Open kamurani opened 3 months ago
To clarify, there is indeed a reference file accessible by default, but I am confused by the formatting of this file and what information within it is required for gliph
to work.
For example, the reference file used in my installation yields:
$ tail ~/path/to/my/gliph/gliph/db/tcrab-naive-refdb-pseudovdjfasta.fa
>TRBV9,TRBJ2-7,CSSSVDPGGPLHEQYF;TRBV9 300 0;;TRBJ2-7 30 0;CSSSVDPGGPLHEQYF;;;;;;;;;;;;;;;
CSSSVDPGGPLHEQYF
>TRBV9,TRBJ2-7,CSSSVDQGAPYEQYF;TRBV9 300 0;;TRBJ2-7 30 0;CSSSVDQGAPYEQYF;;;;;;;;;;;;;;;
CSSSVDQGAPYEQYF
>TRBV9,TRBJ2-7,CSSSVGPSGSYEQYF;TRBV9 300 0;;TRBJ2-7 30 0;CSSSVGPSGSYEQYF;;;;;;;;;;;;;;;
CSSSVGPSGSYEQYF
>TRBV9,TRBJ2-7,CSSSVGQGAPLYEQYF;TRBV9 300 0;;TRBJ2-7 30 0;CSSSVGQGAPLYEQYF;;;;;;;;;;;;;;;
CSSSVGQGAPLYEQYF
>TRBV9,TRBJ2-7,CSSSVSDRGWTYEQYF;TRBV9 300 0;;TRBJ2-7 30 0;CSSSVSDRGWTYEQYF;;;;;;;;;;;;;;;
CSSSVSDRGWTYEQYF
The actual sequence component of each FASTA record appears to be a CDR3b sequence; but I am not sure if the >header
component is also parsed.
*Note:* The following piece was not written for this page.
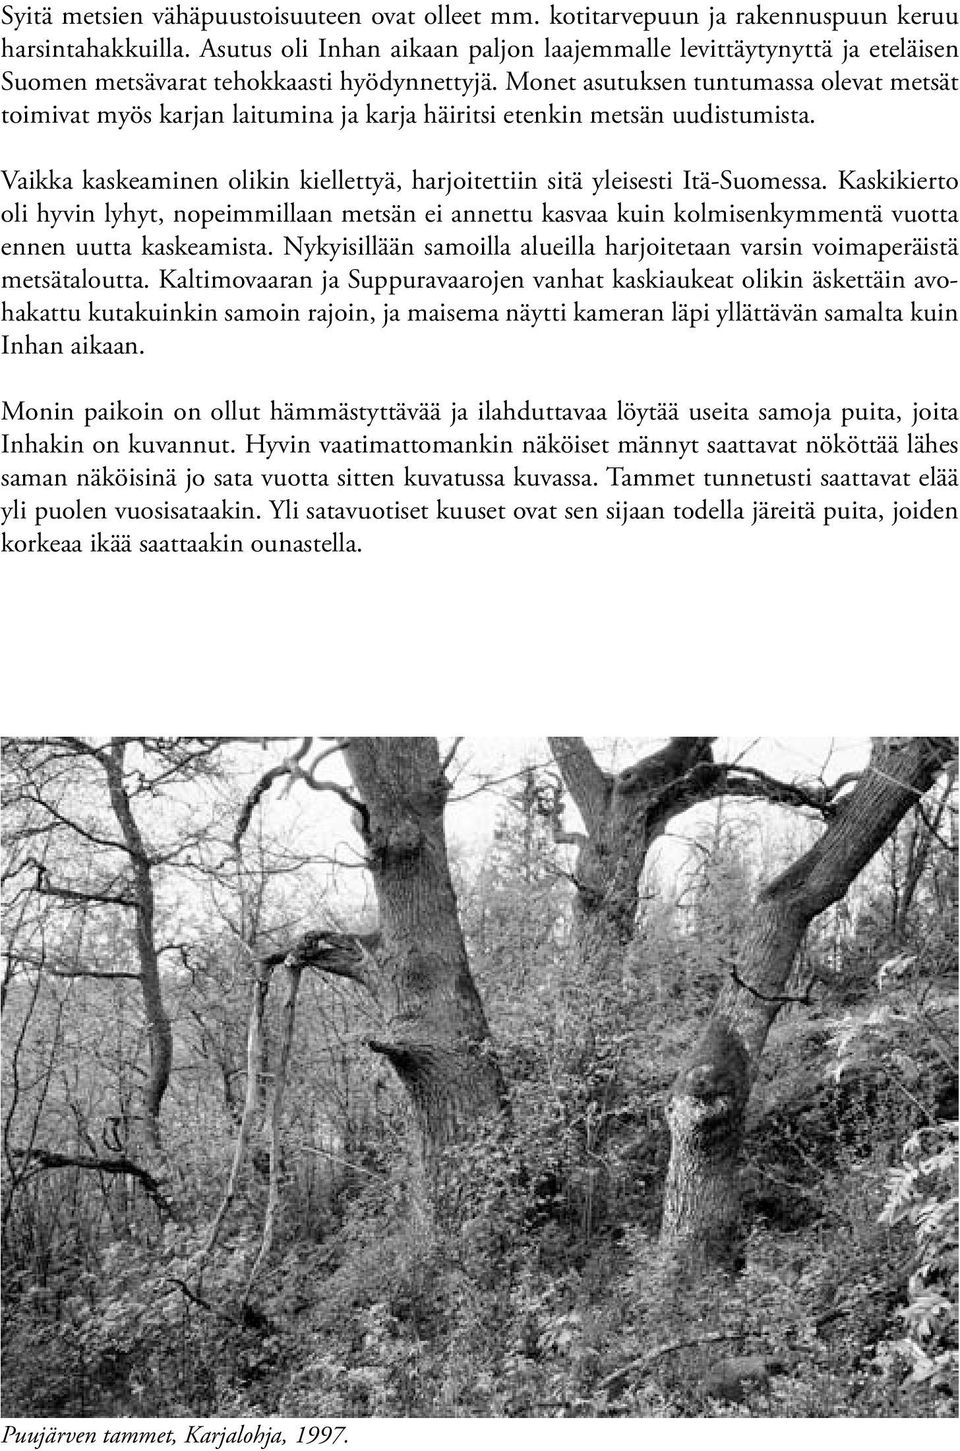 Monet asutuksen tuntumassa olevat metsät toimivat myös karjan laitumina ja karja häiritsi etenkin metsän uudistumista. Vaikka kaskeaminen olikin kiellettyä, harjoitettiin sitä yleisesti Itä-Suomessa.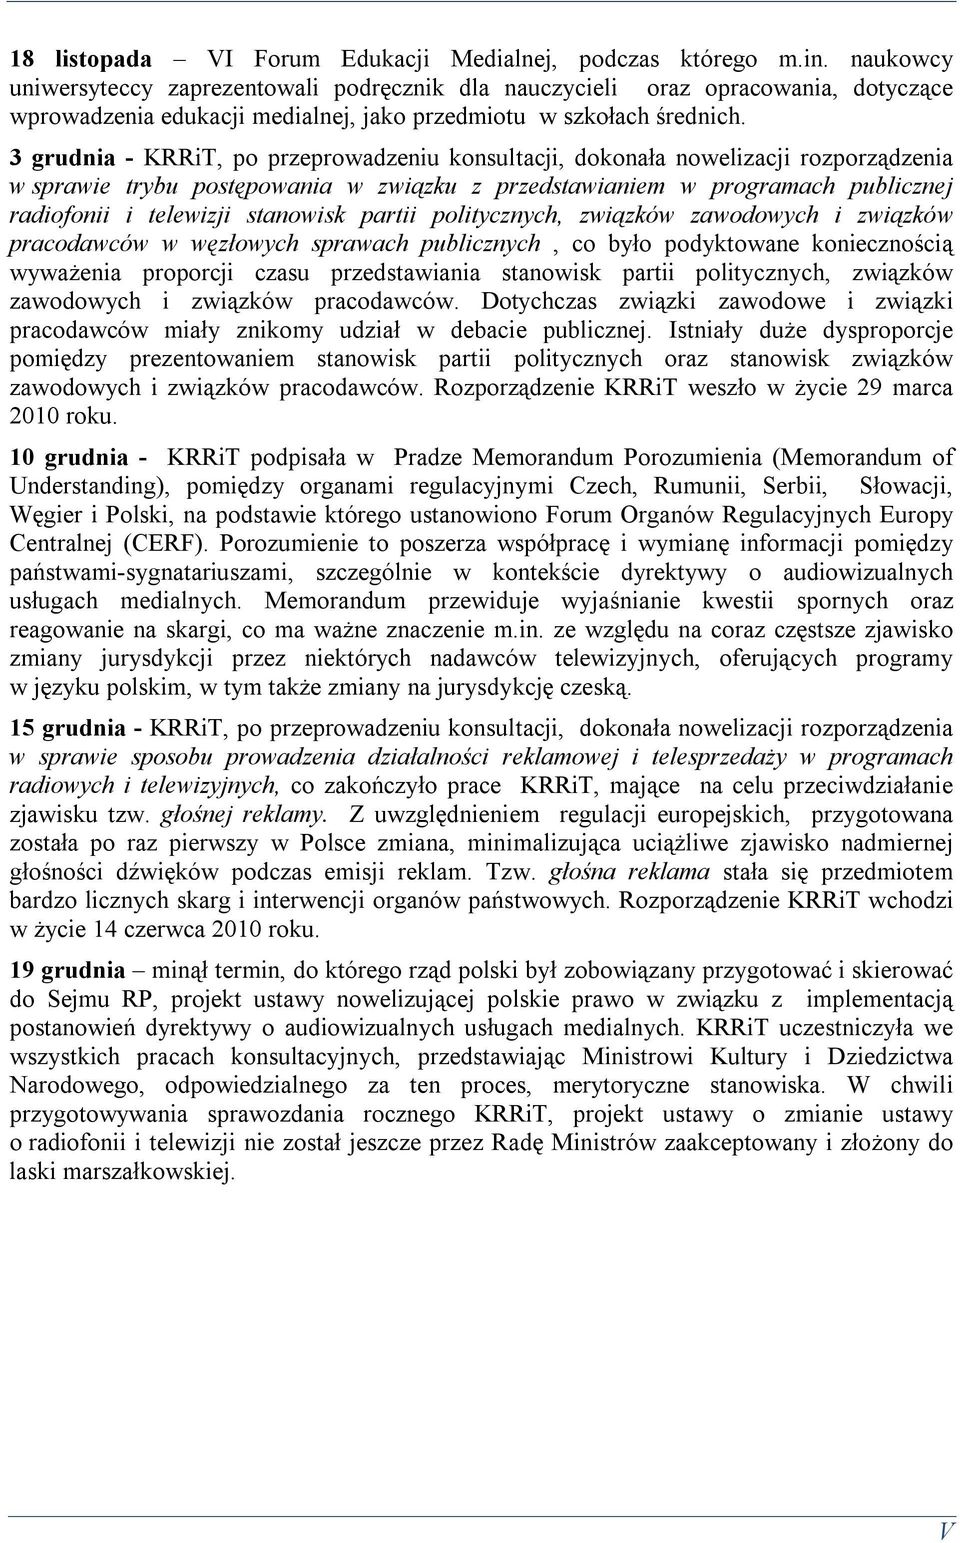 3 grudnia - KRRiT, po przeprowadzeniu konsultacji, dokonała nowelizacji rozporządzenia w sprawie trybu postępowania w związku z przedstawianiem w programach publicznej radiofonii i telewizji

Also, these records appear to be duplicates of eachother. I would appreciate any clarification on this if possible.
For the
gliph-group-discovery
command, an option can be supplied as outlined in the documenation with the following example:--refdb=mouseDB.fa
.However, there is no example file provided on what this file should contain. I am assuming it would be a whole set of FASTA-formatted sequences of whole TCRs (alpha or beta chain?) or just the CDR3 region.
This needs clearer examples in the documentation, and would be helpful to see the original file that is used by default by GLIPH (for the human "background repertoire").